Новый год. Открываются новые двери в новых домах. Новые люди. Я сижу в новом доме в новой квартире, и напротив меня такая же фигура в таком же окне такой же квартиры и такое же ест, так же ходит вниз за газетами и кивает мне: с Новым годом!
В новом году хочется самого разнообразного. В новом году хочется меньше ссор друг с другом. Просто надо уяснить, что никто не виноват. У вас от него течет крыша, а у него от вас не гнется рукав и вылезает сделанная вами зубная щетка, поэтому речь неразборчива, вся щетина в зубах торчит. И подай ты ему борща повеселей — ему же тебя завтра брить опасной бритвой. Не раздражай ты его, уж так и быть.
В новом году и в семье хочется поспокойнее. В крайнем случае — ну, бери зарплату, сам распределяй, сам соли, сам жарь. То есть в новом году — еще внимательнее к женщине: надо ее одевать, и опрыскивать хорошими духами, и мазать прекрасными кремами. И пора легкой промышленности работать на нее. Сосредоточиться хоть бы на ней, а мы уж в своих пальто пока и в брюках пока неглаженых, габардиновых, что от отца к сыну, — трамваи ими царапаешь. Год Женщины закончился, но жизнь женщин продолжается. Это можно заметить, если оглянуться.
Больше юмору в новом году. Еще больше мыслей вам, инженеры и писатели. Хорошей мимики вам, актеры и автоинспекторы. Крепких ног вам, танцоры и продавцы. Тонкого чувства меры вам, драматурги и повара.
Новый год. Сорок раз я встречал Новый год, из них двадцать пять — сознательно. Вначале это какое-то чудо счастливое, потом, когда они пошли побыстрее и стали мелькать, как понедельники, встречи пошли не такие оглушительные, а нормальные.

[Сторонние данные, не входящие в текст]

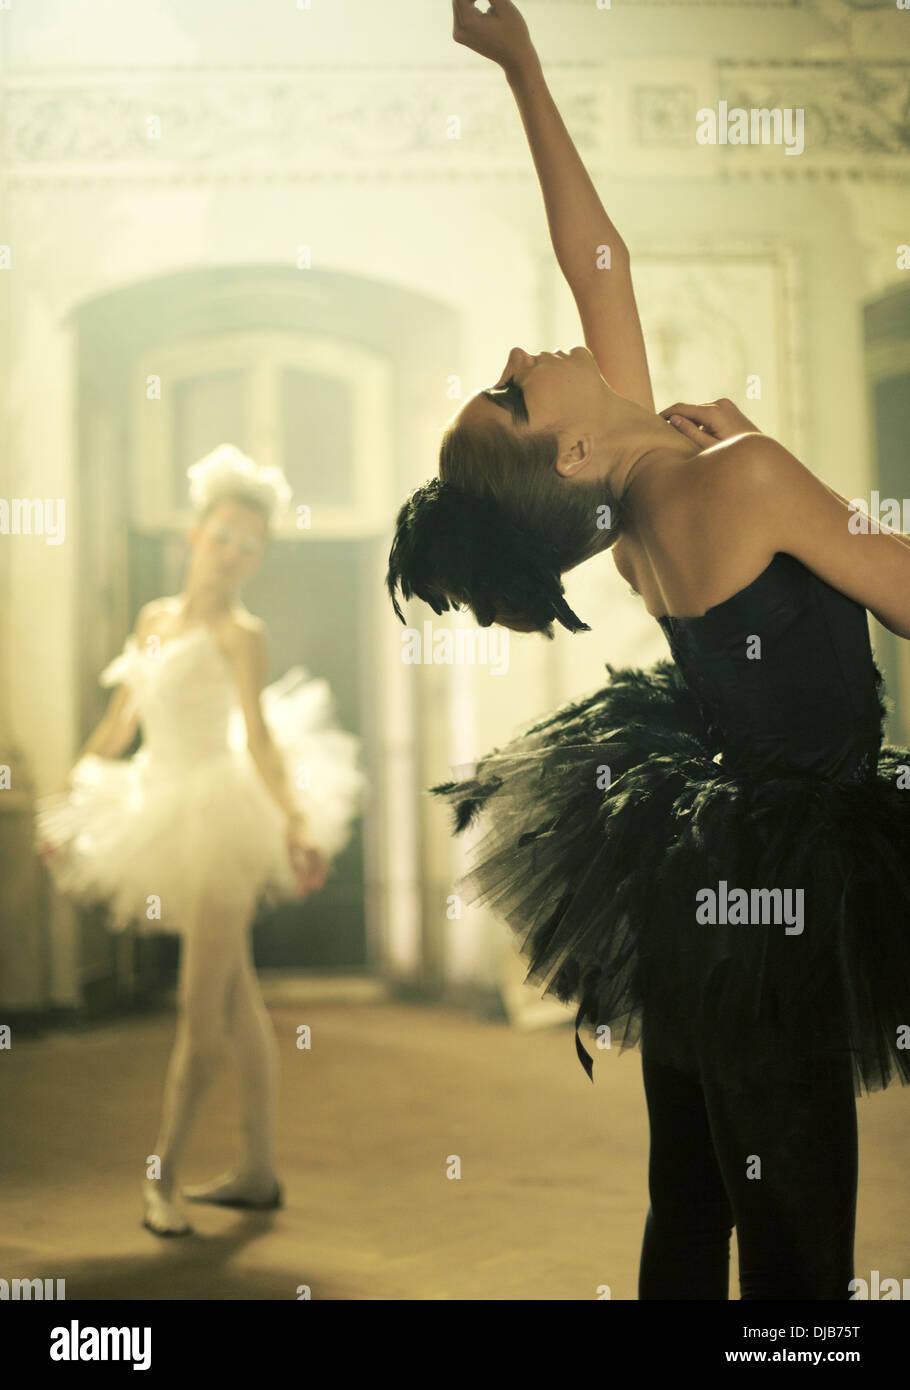 Deux danseurs de ballet en tant que jeunes cygnes Photo Stock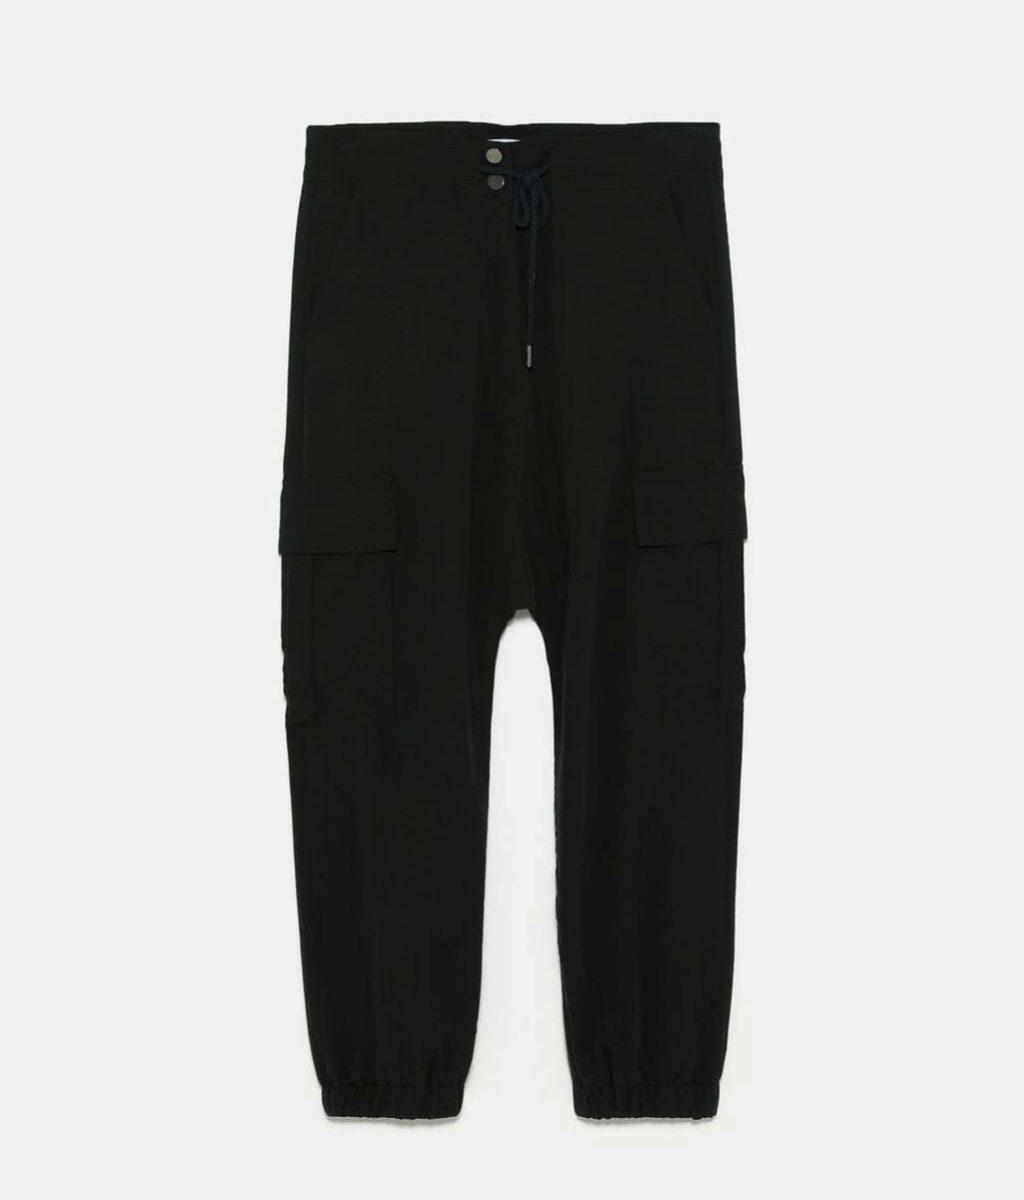 Pantalón cargo negro

Мне, конечно, хочется видеть в новом году и счастливые лица, и полные магазины по ту сторону продавца, и полные театры по эту сторону артиста. И много хороших глаз со всех сторон. А время летит быстро, когда делаешь что-то интересное, и оно страшно тянется, когда ждешь звонка об окончании дня.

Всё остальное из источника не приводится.